Since January 2015, the Ministry of Health has carried out unannounced inspections of just 6 rest homes. These inspections may be done when the ministry receives a complaint about a home it believes warrants investigation. However, not every complaint results in an inspection. Our tables summarise the inspection findings.

Rest home checklist and previous articles

Download a copy of our rest home checklist as well as copies of earlier Consumer magazine articles.

Rest home checklist:

Previous articles on rest homes:

Assessing needs

If you’re looking for a rest home for yourself or a family member, there are 2 key processes you need to know about: the needs assessment and the financial assessment.

Needs assessment

This determines the level of care and is mandatory if you want to apply for a residential care subsidy. The assessment considers the person’s physical and mental abilities, their emotional state and the level of family and community support.

The assessment, which is free, will produce a grading between very low and very high. A person with high or very high needs will face significant safety issues staying at home. They will probably need to be in a rest home or getting specialised hospital care.

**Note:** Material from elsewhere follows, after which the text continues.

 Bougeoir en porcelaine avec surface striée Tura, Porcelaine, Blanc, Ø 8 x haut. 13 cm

Your GP or district health board can put you in touch with needs assessment agencies in your area. You can also find a list of agencies on the Ministry of Health website.

Financial assessment

If you’re assessed as needing long-term care, you may be eligible for a residential care subsidy. The needs assessor can provide an application form. Both assets and income are taken into account.

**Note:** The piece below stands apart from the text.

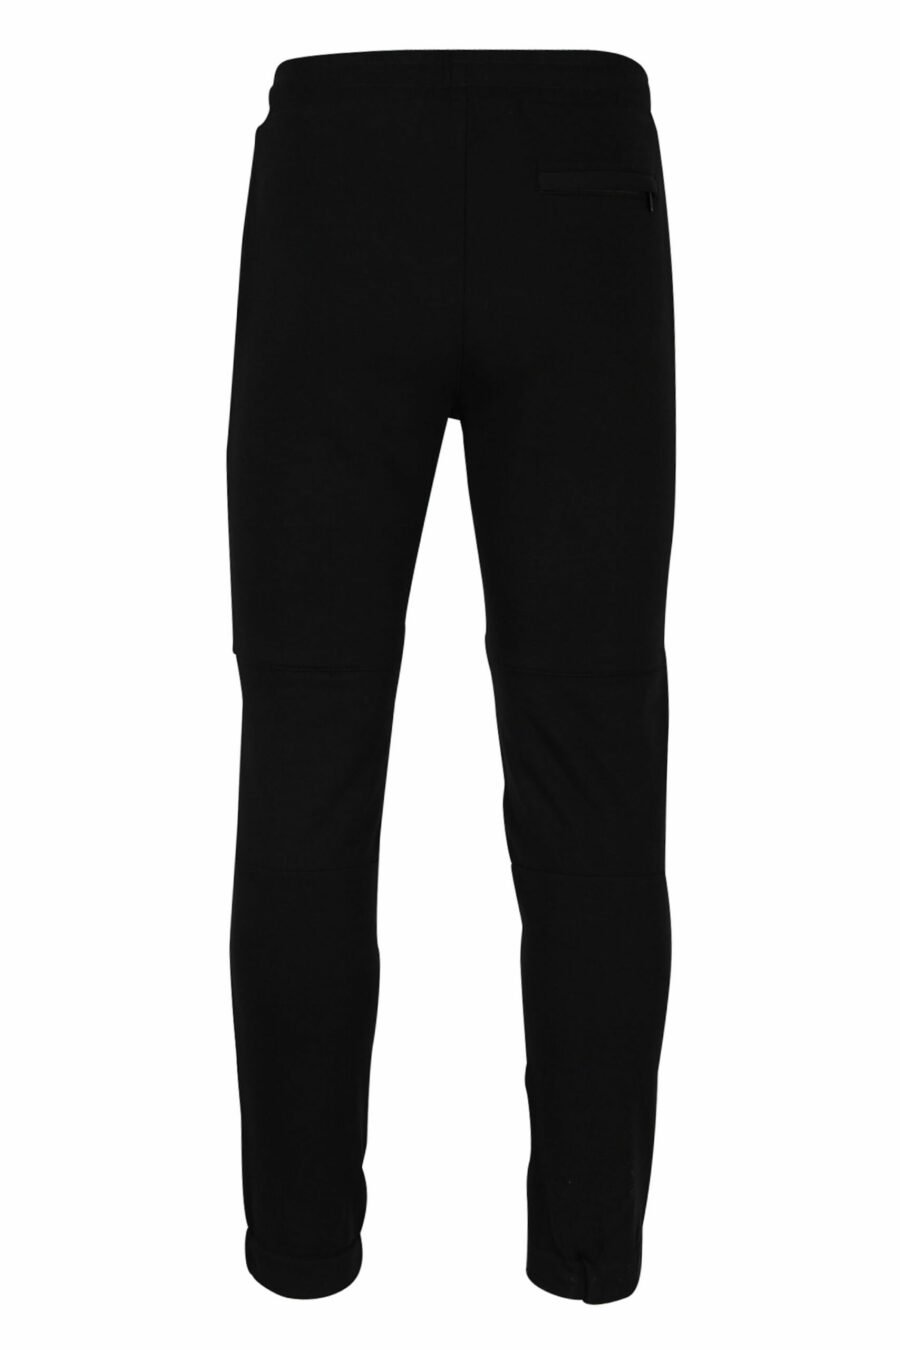 Pantalón de chándal negro con bolsillos de nilon - 4062226390132 2 scaled

Even if you’re not eligible for a subsidy, there’s a cap on the amount you or any individual must pay towards your care. Maximum contributions vary slightly by district.

At 1 July 2017, the maximum weekly contribution in Auckland city is $1062.95; in Southland, it’s $973.91. The maximum contribution applies to any person who has been assessed as requiring long-term care. Rates are reviewed each year.

For detailed information on the residential care subsidy, go to Work and Income. Work and Income assesses eligibility for the subsidy.

Making complaints

Confusingly, there are 3 agencies with the power to investigate complaints about rest homes:

  • District health boards (DHBs): DHBs distribute public funding to rest homes. Under the terms of funding contracts, they can act on complaints and investigate any rest home to ensure it’s providing a safe service.
  • Ministry of Health: The Health and Disability Services (Safety) Act gives the ministry the power to enter and inspect any rest home to assess whether health care services are being provided in a safe and satisfactory manner.
  • Health and Disability Commissioner: The commissioner has the power to investigate complaints about the provision of a health or disability service to a rest-home resident.

The Health and Disability Advocacy Service is also available to anyone with a concern about a rest home (or any other health or disability provider). It doesn’t have powers to investigate complaints: its role is to support consumers, as well as those acting on their behalf, in resolving problems.